The train was moving again, slowly at first but definitely coming their way, and the barrel of that big-assed gun was swinging towards them, toward the lumber truck.
“Everybody scatter!” she bellowed, waving her arms demonstratively. “Tommy Lee! Get your asses off that truck!”
Damn it, this was all going to shit and people were going to die…
But the gun didn’t fire. Tommy Lee and his family clambered down off the flatbed and the other two pickups drove away from the semi and, hopefully, out of range, and the gun didn’t fire.

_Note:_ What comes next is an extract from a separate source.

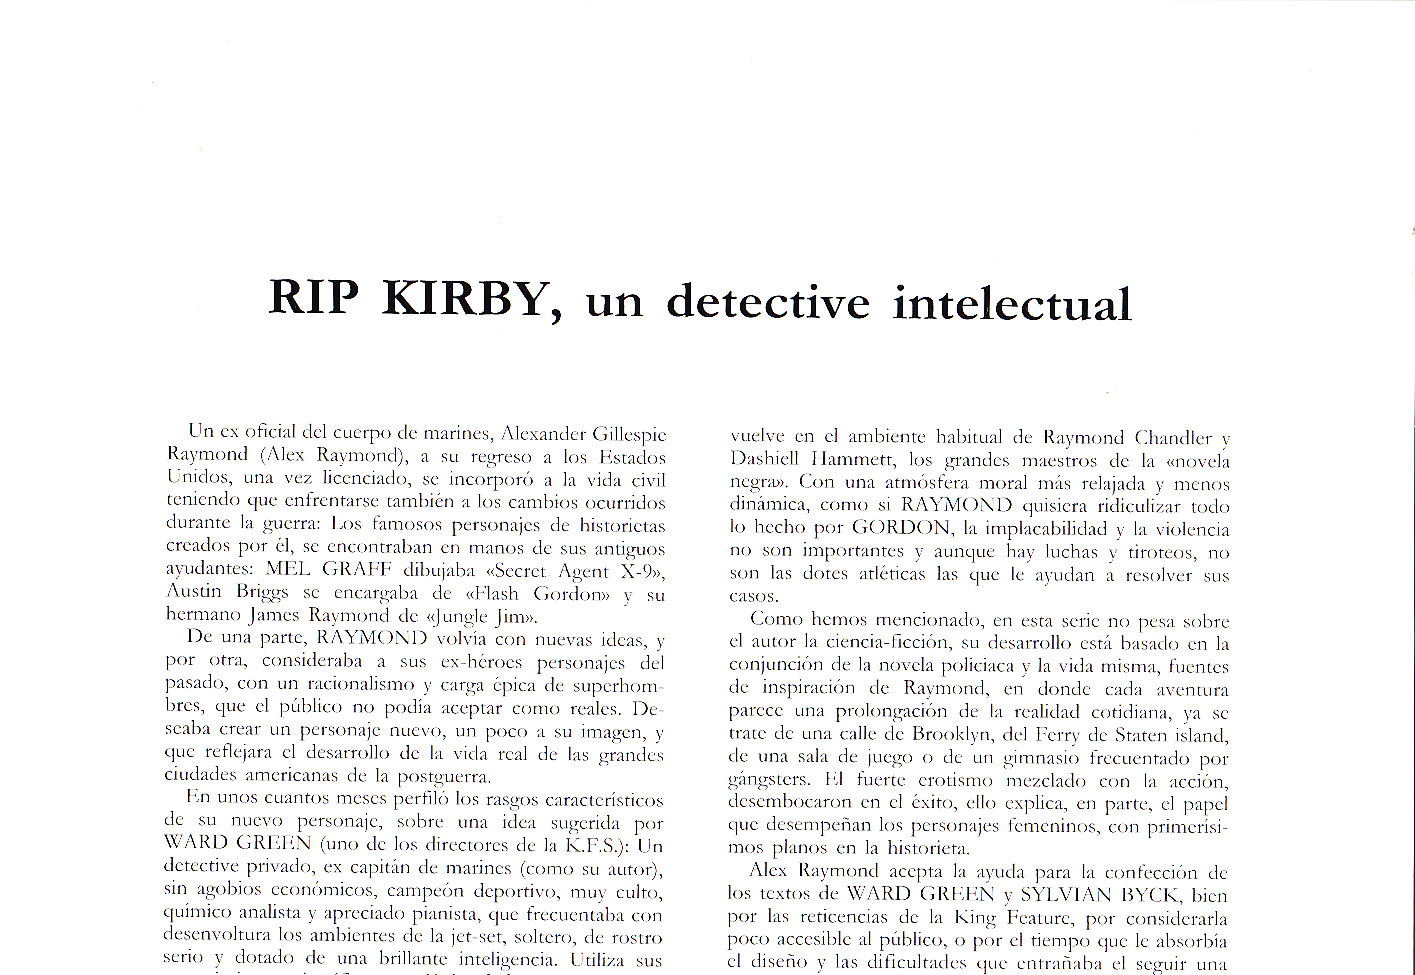 RIP KIRBY EN EUROCLUB MAGERIT.

“Hey lady!” The voice was amplified by some kind of speaker system on the outside of the locomotive, but she recognized it as the clean-cut, mildly-handsome fella who’d talked to her earlier. “If you move the truck off the tracks, you can still have the box of T-rations.” A pause. “But I think we’re keeping the grass.”
Ma hissed out a sigh and kicked an ancient aluminum soda can across the ground.
“Shit.”
“Okay, bring it down, Roach,” Nate said into the radio handset. “We’re far enough away.”
The Hellfire crouched back down into the interior of the freight car, locking into place and then powering down with a hum of servomotors. Behind the mech, Hector Ramirez and James Fuller were hand-cranking the plastic sheeting back down into the car, the wind starting to billow against the sheets like the sails of a schooner. The projection had done its job, disguising the Hellfire as an old Russian anti-aircraft cannon.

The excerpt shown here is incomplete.